Hot news note 3479478 was updated for a critical missing authentication check in SAP BusinessObjects (BOBJ) Business Intelligence Platform. The vulnerability can be exploited to compromise logon tickets used for Single Sign-On. The update provides a fix for BOBJ 4.2 SP009. The notes includes details of a workaround that will disable trusted authentication in the Business Intelligence Platform Restful Web Services (BIPRWS) Web Application.

Note 3478615 patches a high-risk unrestricted file upload and malicious file execution vulnerability in BOBJ. In addition to applying the relevant support package patch detailed in the note, customers must create and maintain an access control list. The ACL should contain the list of folders that can contain personal data providers.

Note 3523541 addresses multiple vulnerabilities in Spring Framework and Log4j open-source libraries included in SAP Enterprise Project Connection. The patch included in the note updates the Spring framework and reload4j libraries to address the vulnerabilities.

Notes 3454858 and 3477359 deal with information disclosure vulnerabilities SAP NetWeaver Application Server (AS) ABAP and AS Java, respectively. The vulnerabilities could be exploited to access restricted file system information and usernames and passwords for new RFC destinations.

Note 3459935 was updated in September with revised solution details to patch a high priority information disclosure vulnerability in SAP Commerce Cloud. Some OCC API endpoints in SAP Commerce Cloud allow Personally Identifiable Information (PII) data, such as passwords, to be included in the request URL as query or path parameters. The impacted endpoints are detailed in the note. The note includes patches for both the cloud and on-premise editions. A workaround is also included in the note if the corrections can not be implemented within a reasonable timeframe.

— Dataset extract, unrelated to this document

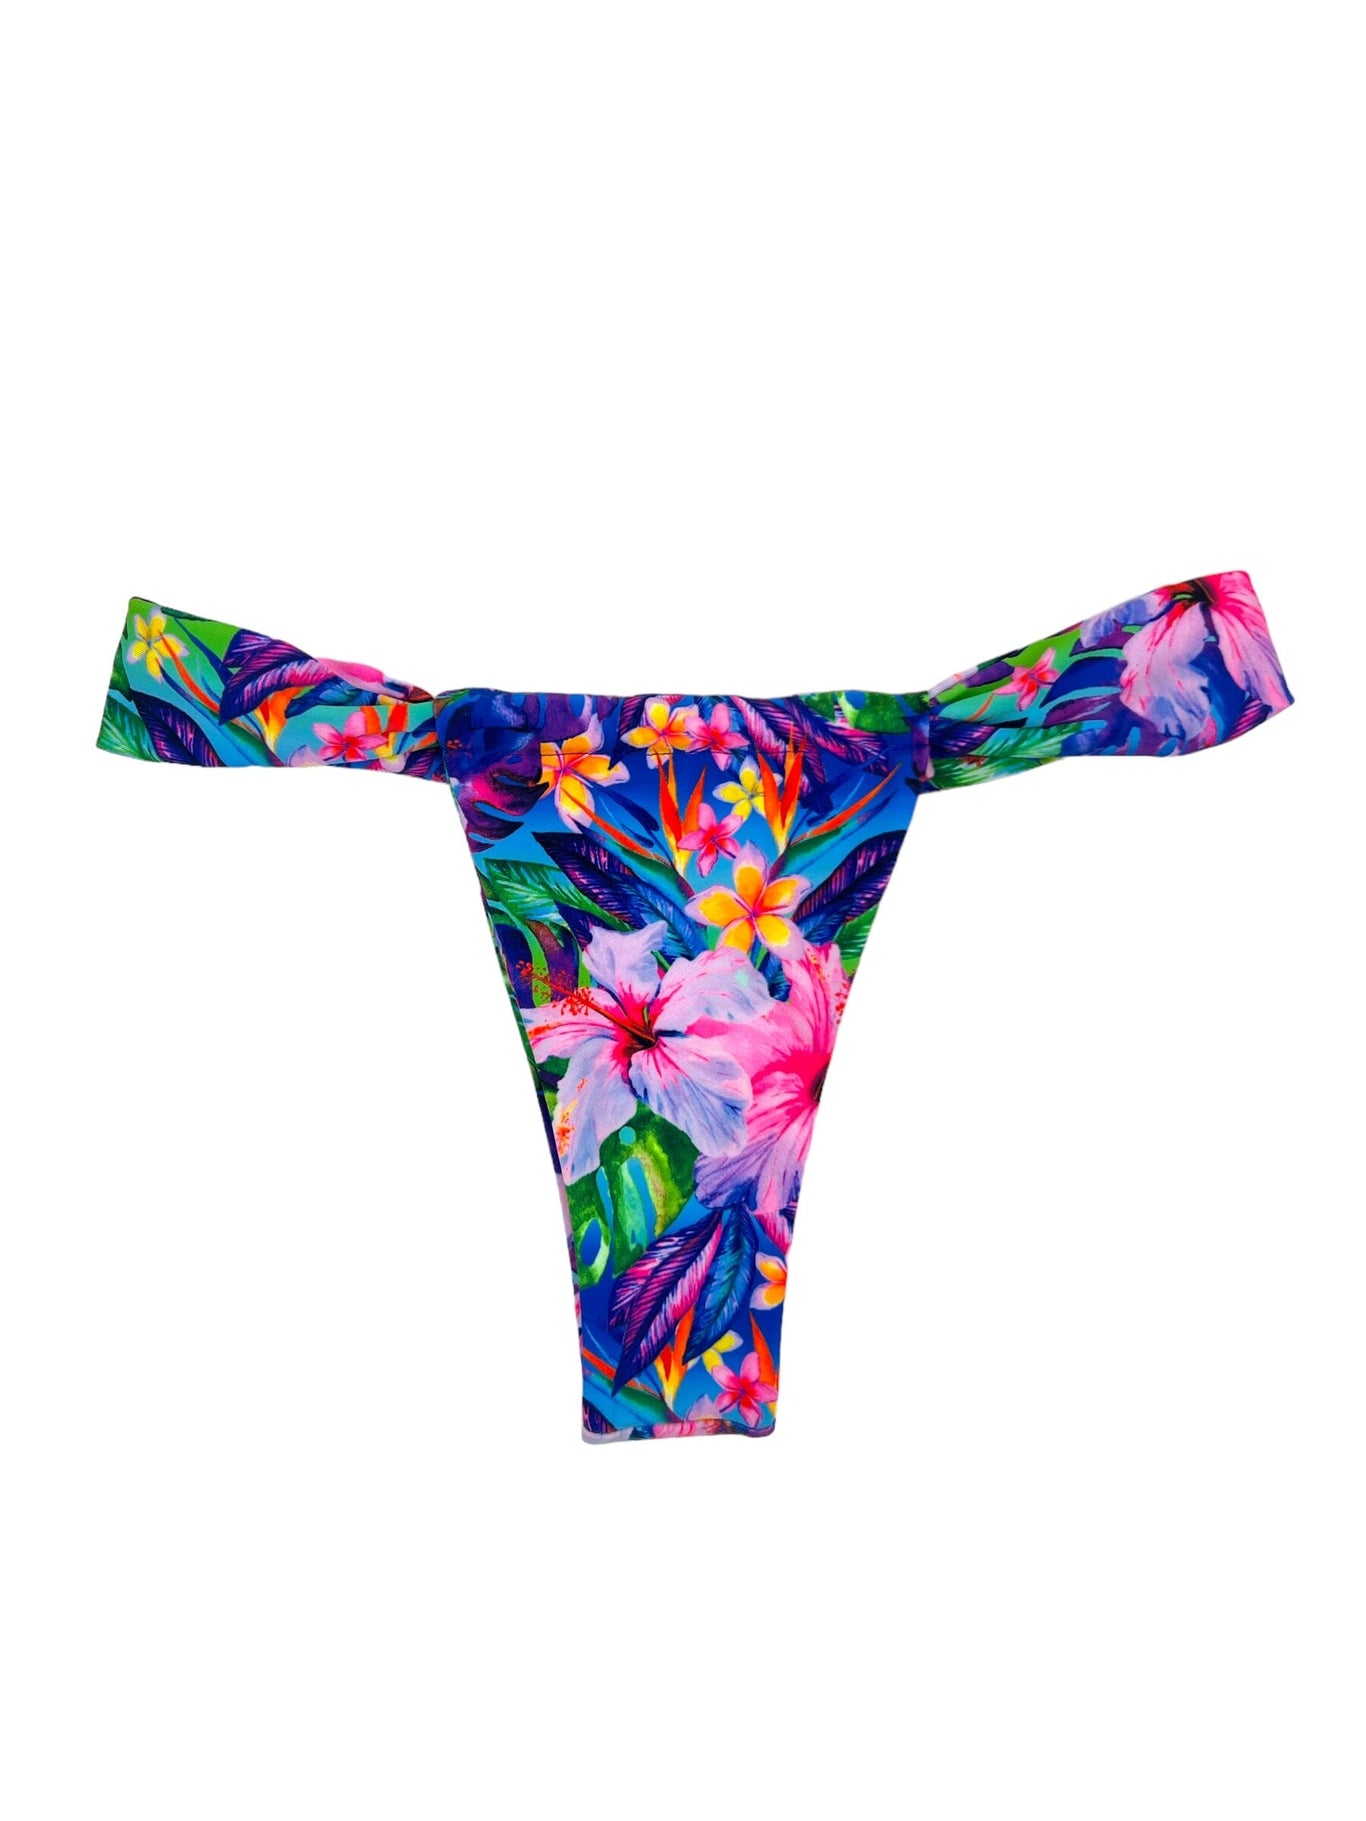 TROPICANA BLISS VINTAGE SLIDE BOTTOM - Berry Beachy Swimwear

Note 3505503 addresses a Cross-Site Scripting (XSS) vulnerability in the logon application of SAP NetWeaver Application Server (AS) Java. Due to insufficient encoding of user-controlled inputs, SAP NetWeaver AS Java allows malicious scripts to be executed in the login application. The solution included in the note encodes parameters to address the vulnerability.

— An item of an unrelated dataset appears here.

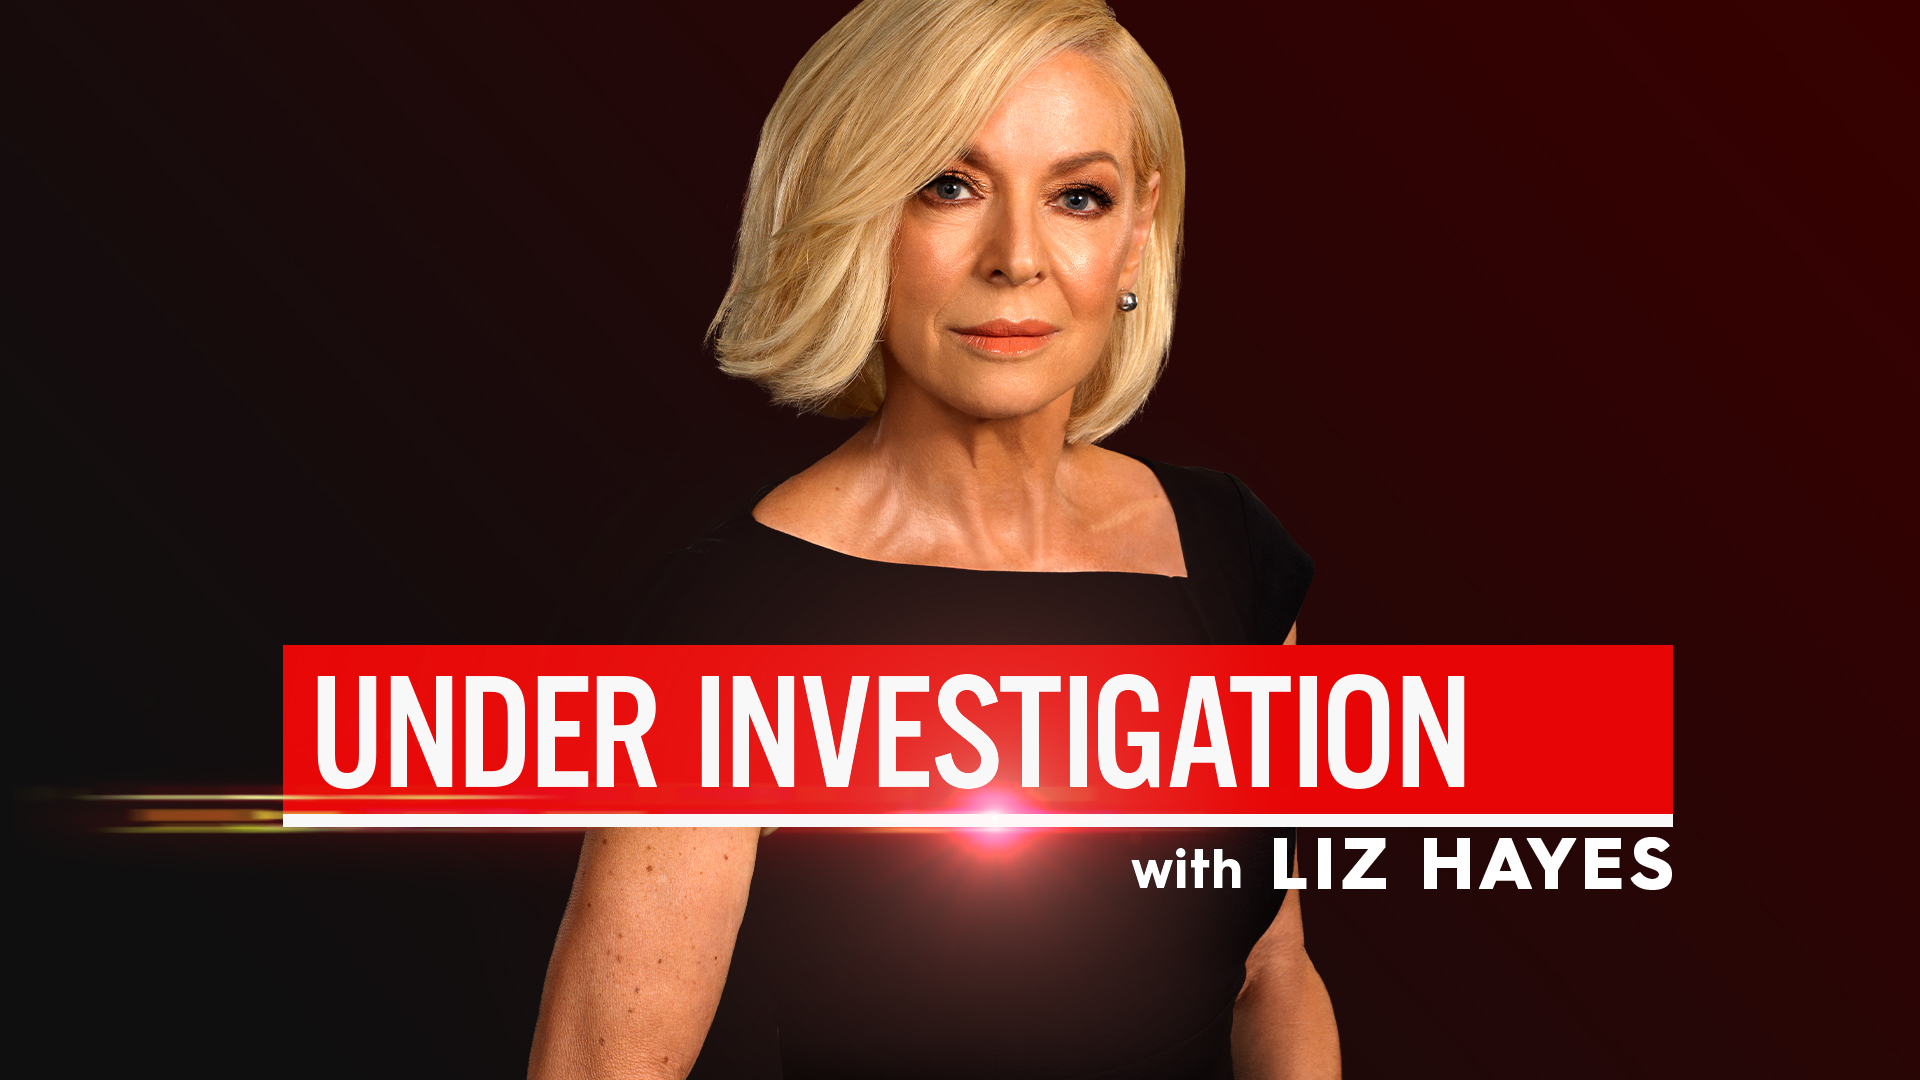 Under Investigation with Liz Hayes: premieres this week

Notes 3501359 and 3498221 patch Cross-Site Scripting vulnerabilities in SAP CRM and SAP Enterprise Portal.

Note 3488039 deals with multiple missing authorizations in SAP NetWeaver Application Server (AS) ABAP and ABAP Platform. The authorizations impact function modules in function group SMTR_NAVIGATION_MODULES_BX. As a workaround, you may withdraw permission S_RFC with field RFC_TYPE with prefixed value for SMTR_NAVIGATION_MODULES_BX or field RFC_NAME with value of the function modules of the function group SMTR_NAVIGATION_MODULES_BX.

Hot news note 3477196 deals with a critical Server-Side Request Forgery (SSRF) vulnerability in applications built with SAP Build Apps. SAP Build Apps are vulnerable to CVE-2024-29415 due to the use of an older version of an Nodejs library included in software components for AppGyver. AppGyver is an open-source development platform used by SAP Build Apps. Applications should be rebuilt with version 4.11.130 or later in SAP Build Apps to address the vulnerability.

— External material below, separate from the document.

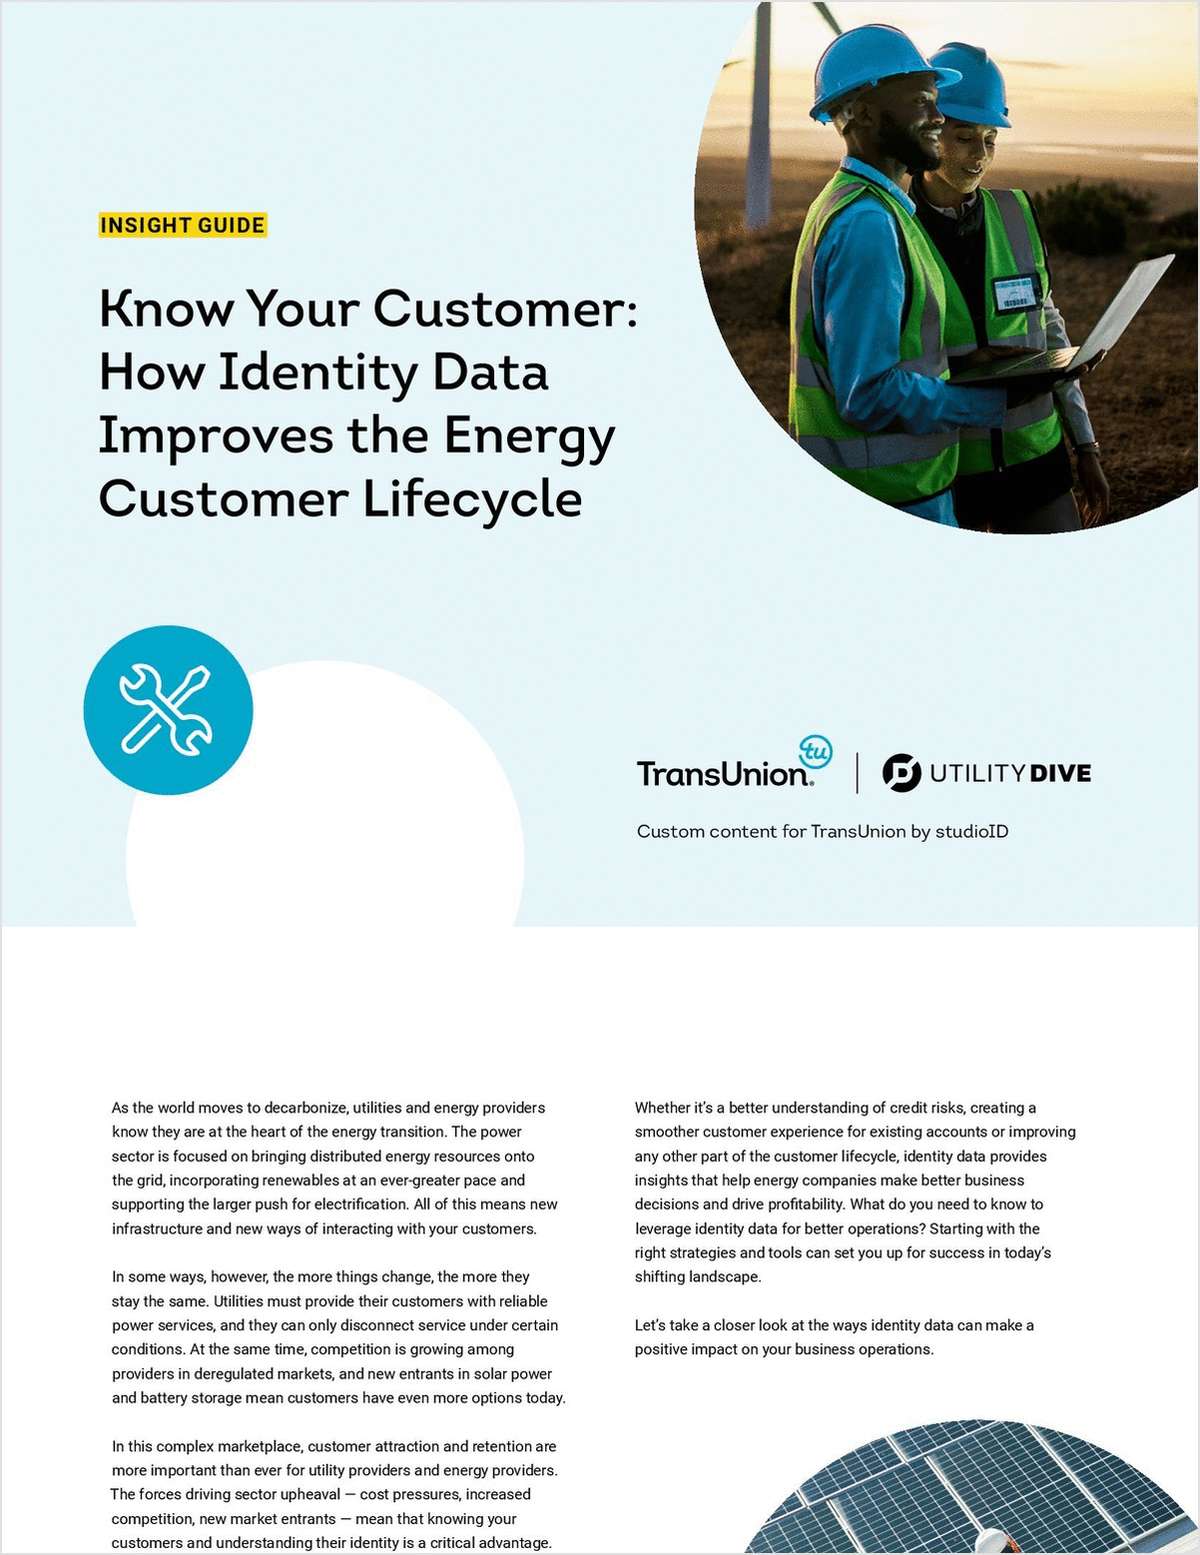 3 Ways Identity Data Makes a Positive Impact on Utilities

Hot news note 3479478 for CVE-2024-41730 patches a missing authentication check in SAP BusinessObjects Business Intelligence Platform (BOBJ). The vulnerability can be exploited by threat actors to compromise logon tickets used for single sign-on with a REST endpoint. The fix included in the note secures the default configuration of single sign-on enterprise authentication.

Note 3485284 addresses a high priority XML injection vulnerability in the Export Web Service of BEx Web Java Runtime in SAP Business Intelligence version 7.50. The issue is specific to PDF export only using Java ALV and ADS.

Note 3459935 fixes an information disclosure vulnerability in SAP Commerce Cloud that could lead to the leakage of Personally Identifiable Information (PII) data in query or path parameters. This includes passwords, email addresses, mobile numbers, coupon codes, and voucher codes. The vulnerability impacts specific API endpoints detailed in the note. A workaround is included in the note. Vulnerable endpoints should be replaced with the new secure variants detailed in the solution section of the note.

Note 3483344 addresses a high-risk missing authentication check in SAP Product Design Cost Estimation (PDCE), included in the S4CORE component of SAP S/4HANA. The vulnerability can be exploited to escalate privileges and read sensitive information. The correction included in the note deactivates the affected functions to remove the vulnerability. There is no workaround provided by SAP. The note applies to versions 102-103 of S4CORE and 104-108 of S4COREOP.

Note 3490515 patches a vulnerability in SAP Commerce which enables users to misuse the forgotten password functionality to gain access to a Composable Storefront B2B site for which early login and registration is activated, without requiring the merchant to approve the account beforehand. If the site is not configured as an isolated site, this can also grant access to other non-isolated early login sites, even if registration is not enabled for those other sites. The issue materializes when both early login and registration are set to true. It does not affect setups that utilize classic accelerator storefronts and is specific to B2B scenarios. A workaround in the note includes steps for disabling early login and registration.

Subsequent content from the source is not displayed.